Les statuts de la fondation indiquent qu’elle a été constituée dans le but «d’identifier et de dénoncer les individus, les organisations et les activités affiliés au régime islamique d’Iran, qui non seulement sapent la démocratie et violent les droits de l’homme en Iran, mais envahissent également les frontières canadiennes».
«Soutenir les personnes touchées par le régime islamique d’Iran au Canada. Sensibiliser le public à l’influence et aux activités des individus et des organisations affiliés au régime de la République islamique d’Iran, qui promeut une théocratie islamique radicale et met en danger la démocratie et les droits de la personne au Canada.»

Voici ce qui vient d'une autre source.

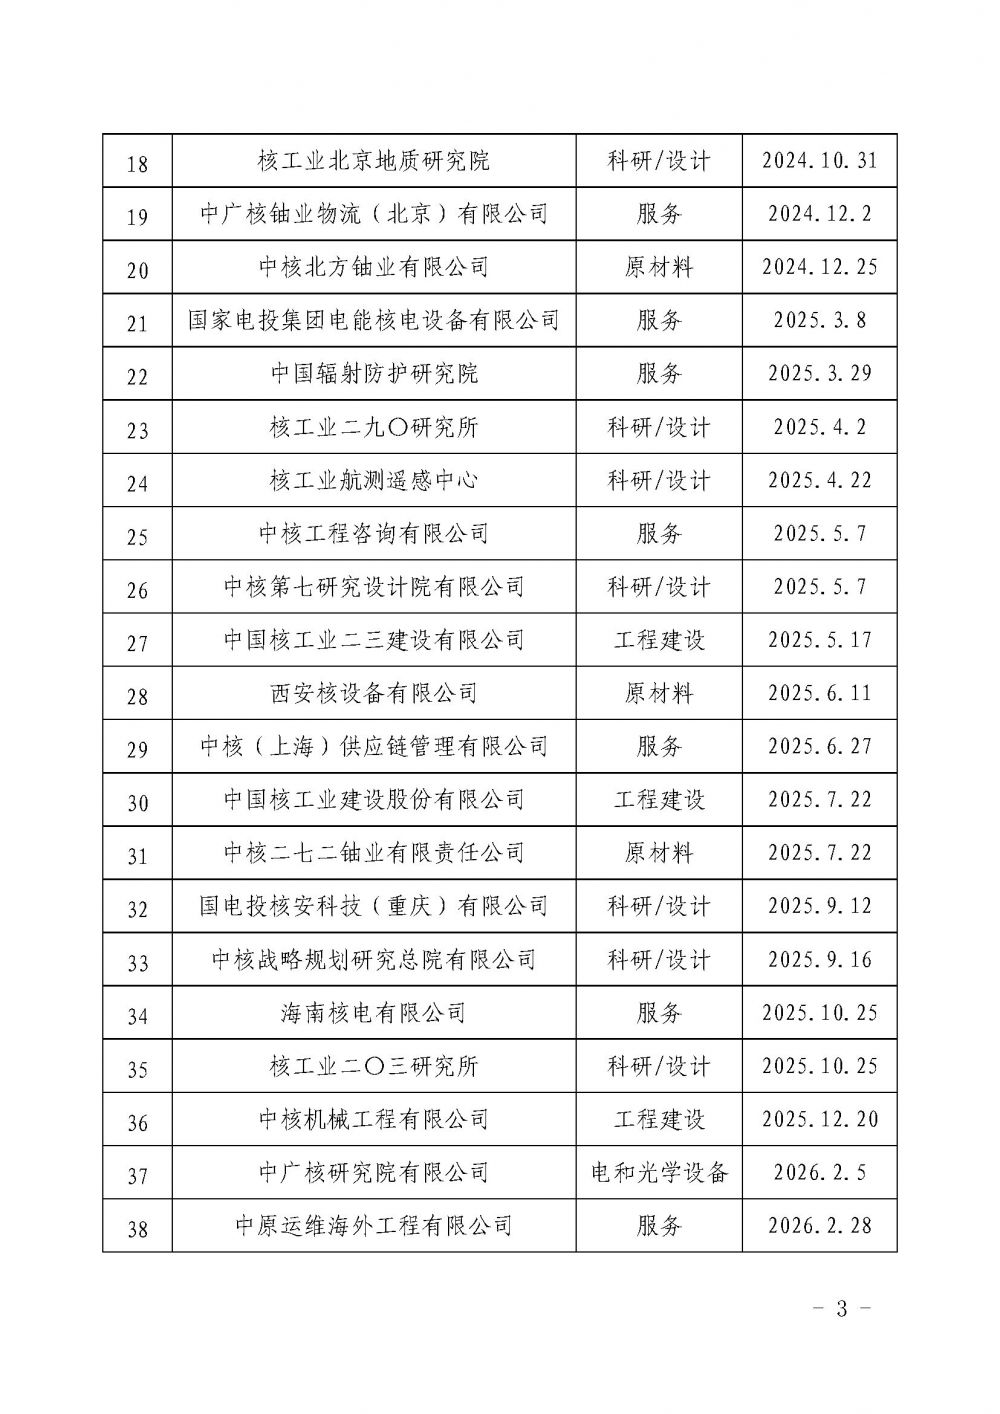 关于发布中国核能行业协会核能行业第十五批合格供应商名录的公告_页面_3.jpg

Les documents de la fondation, obtenus par La Presse Canadienne, montrent qu'elle a été créée en juin 2023, mais la déclaration sous serment de Mme Fatemi indique qu'elle n'est plus impliquée dans ses activités quotidiennes depuis fin 2023.
M. Masjoody a intenté plusieurs poursuites judiciaires en Colombie-Britannique avant son décès. La fondation et MM. Soltani et Razavi figuraient parmi les nombreux défendeurs cités dans ses multiples actions en justice ces dernières années.